» INFORMATION SHOWN
◆ ◆ ◆ ◆
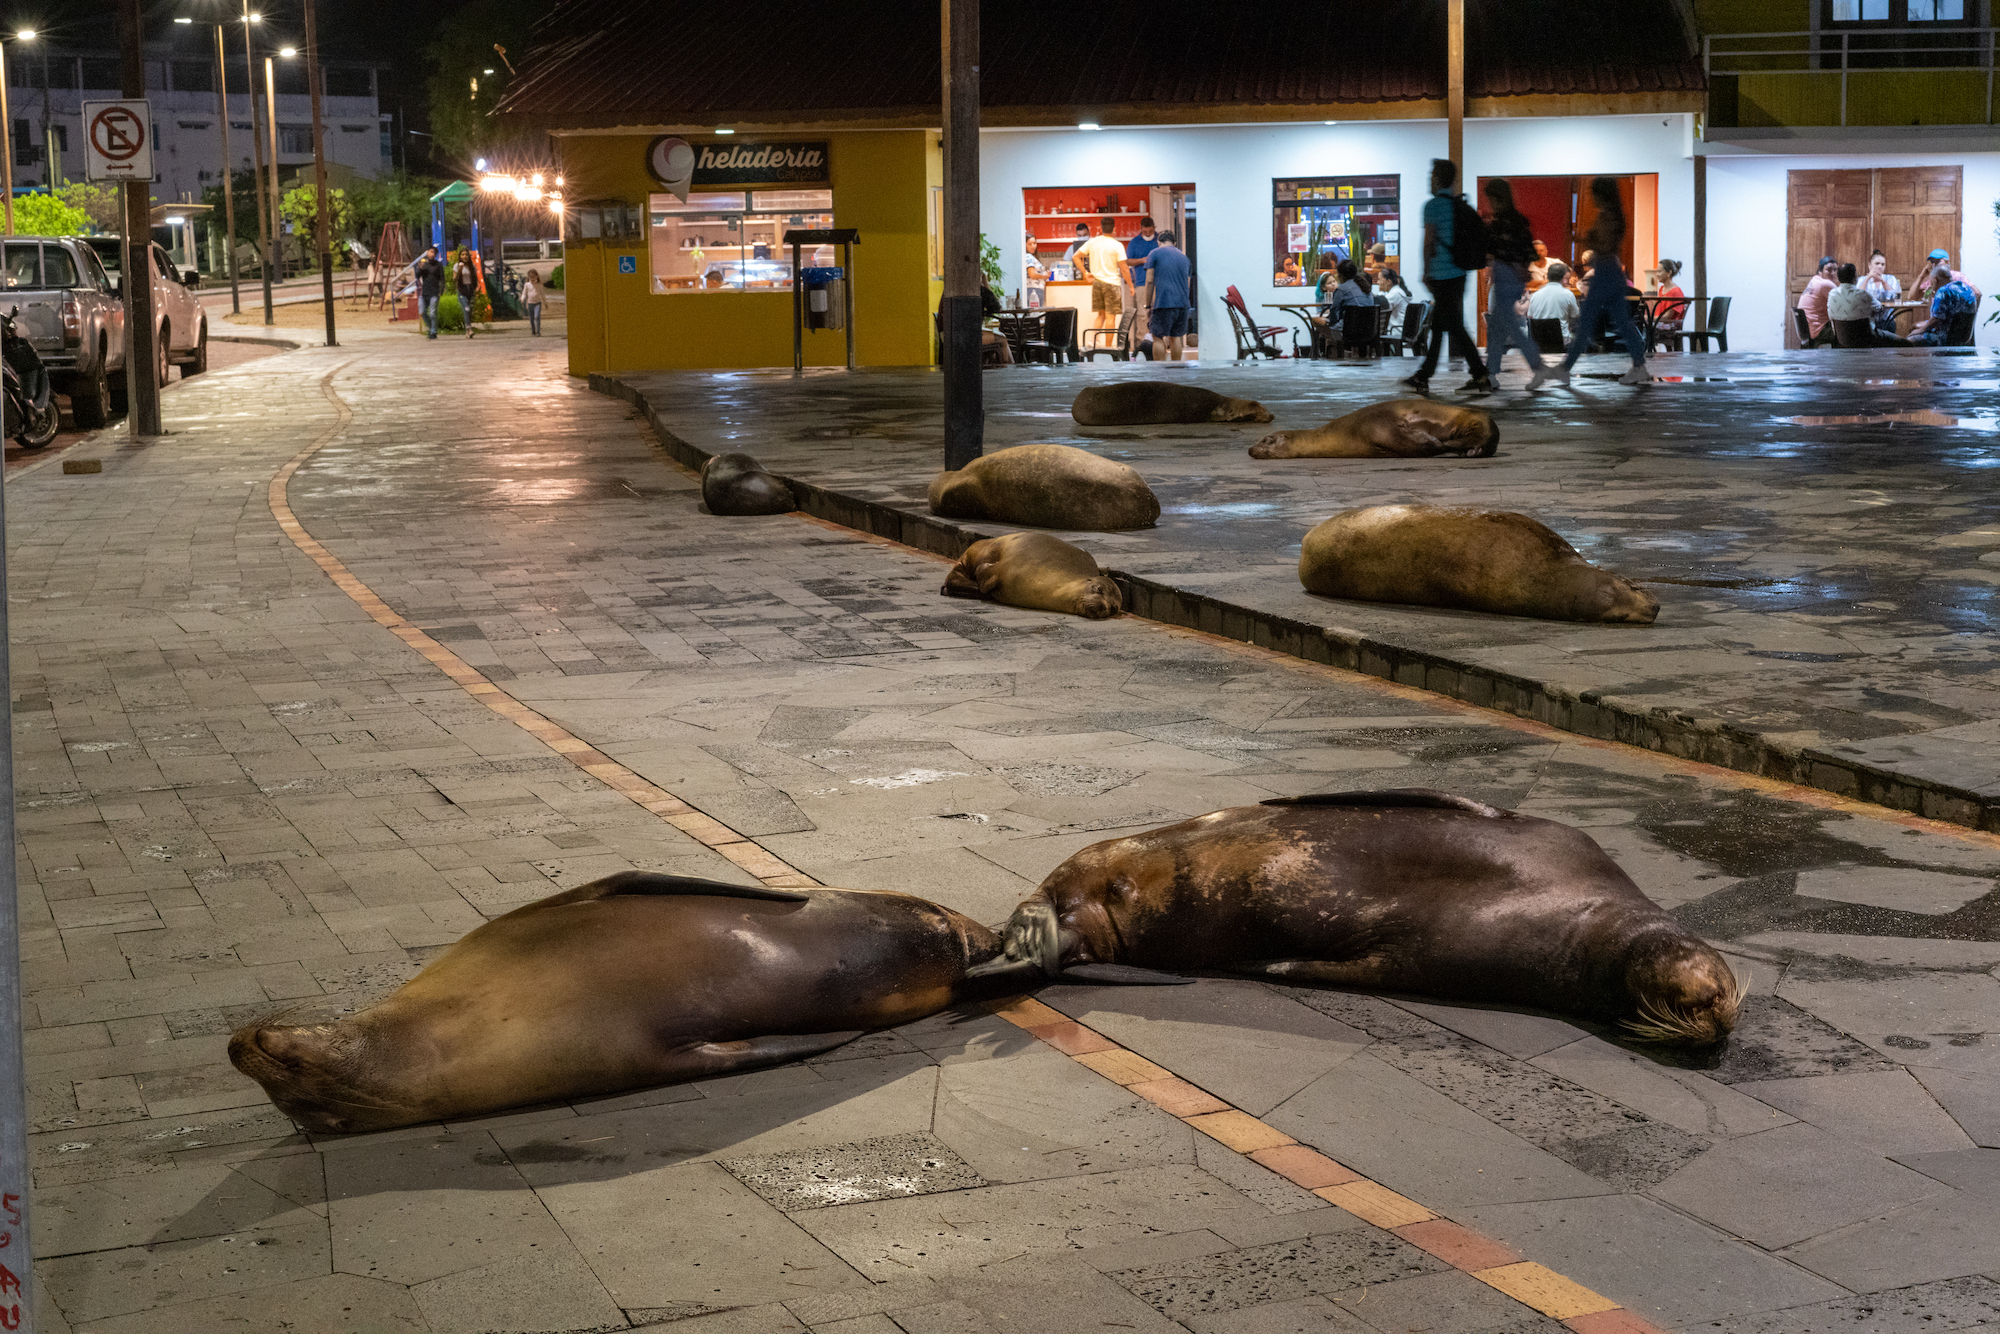 Sea lions rest on pavement in an urban area with people sitting at tables nearby
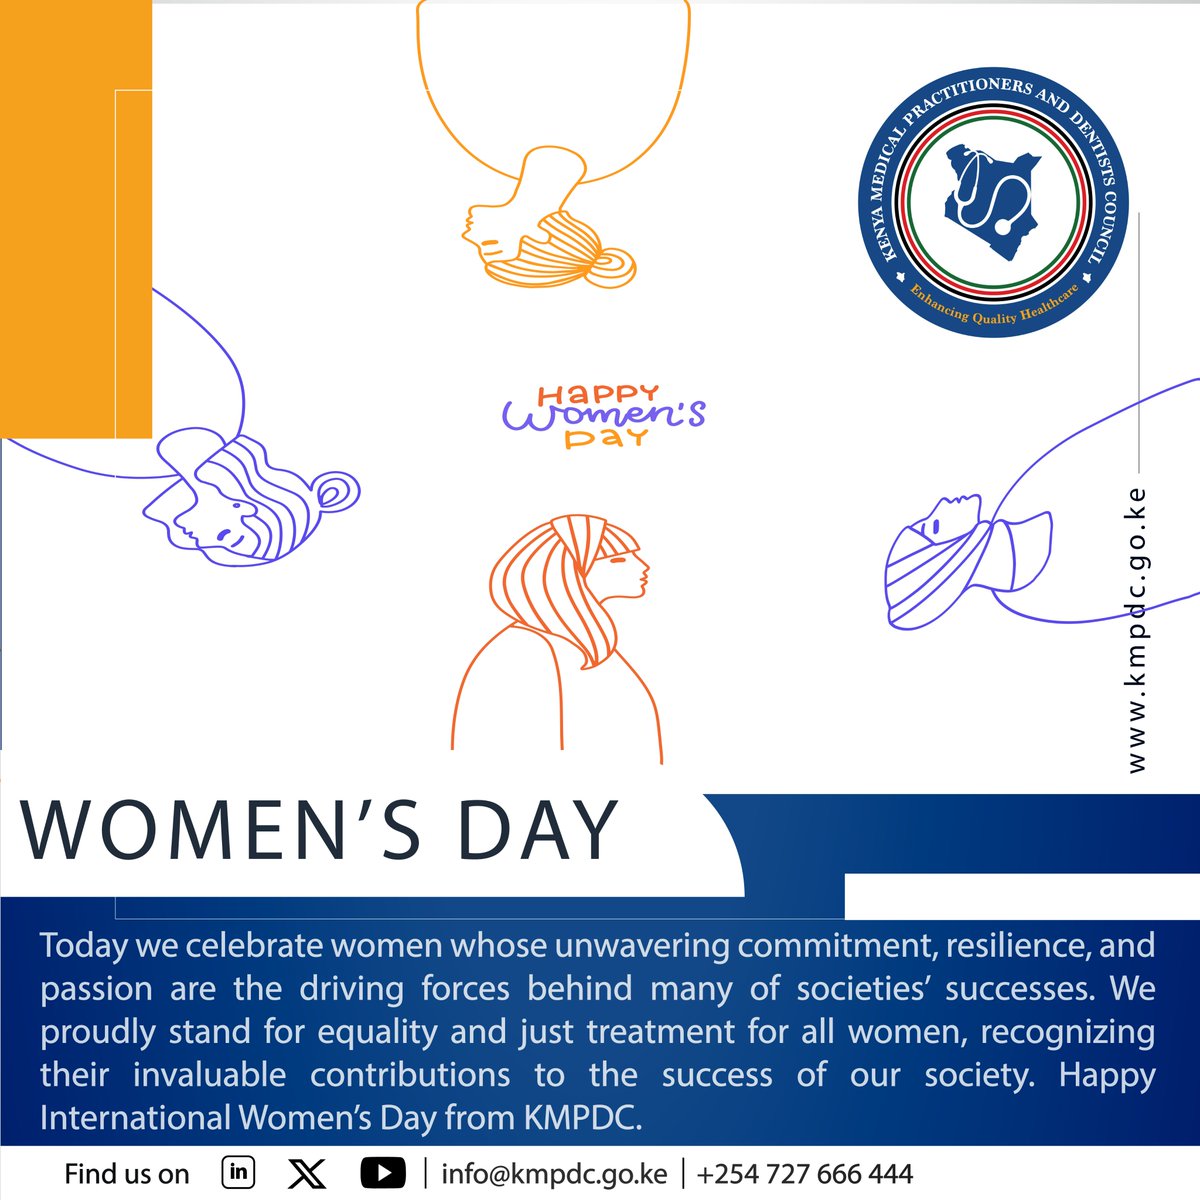 Today we celebrate women whose unwavering commitment, resilience, and passion are the driving forces behind many of societies’ successes. We proudly stand for equality and just treatment for all women, recognizing their invaluable contributions to the success of our society.
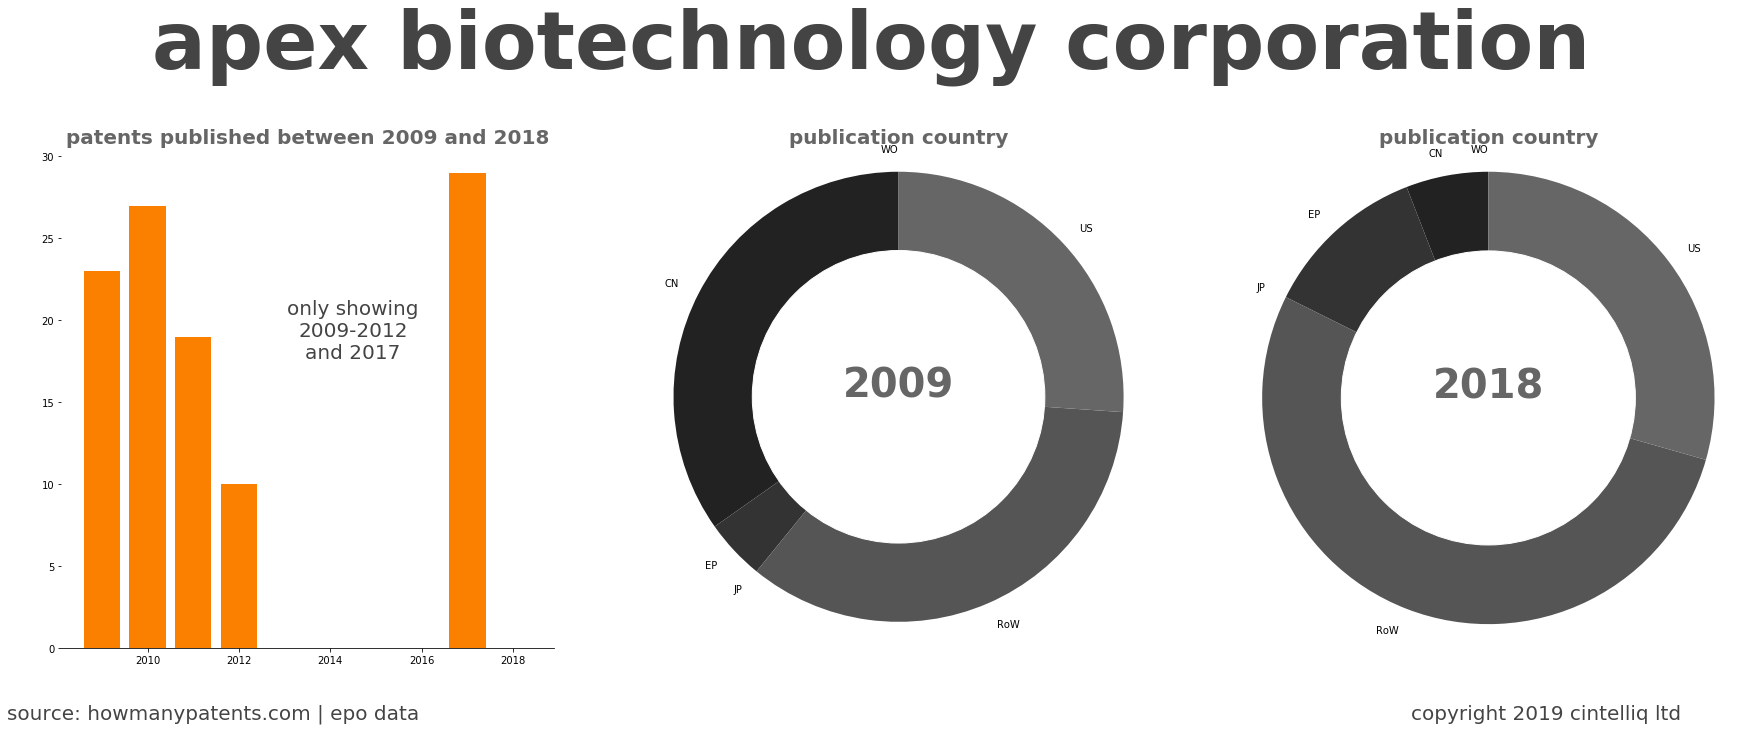 summary of patents for Apex Biotechnology Corporation
◆ ◆ ◆ ◆
» WHAT TO WORK ON
With the pictures set aside, write out the whole listing exactly.

» EXERCISE ANSWER
 Sea lions rest on pavement in an urban area with people sitting at tables nearby
 Today we celebrate women whose unwavering commitment, resilience, and passion are the driving forces behind many of societies’ successes. We proudly stand for equality and just treatment for all women, recognizing their invaluable contributions to the success of our society.
 summary of patents for Apex Biotechnology Corporation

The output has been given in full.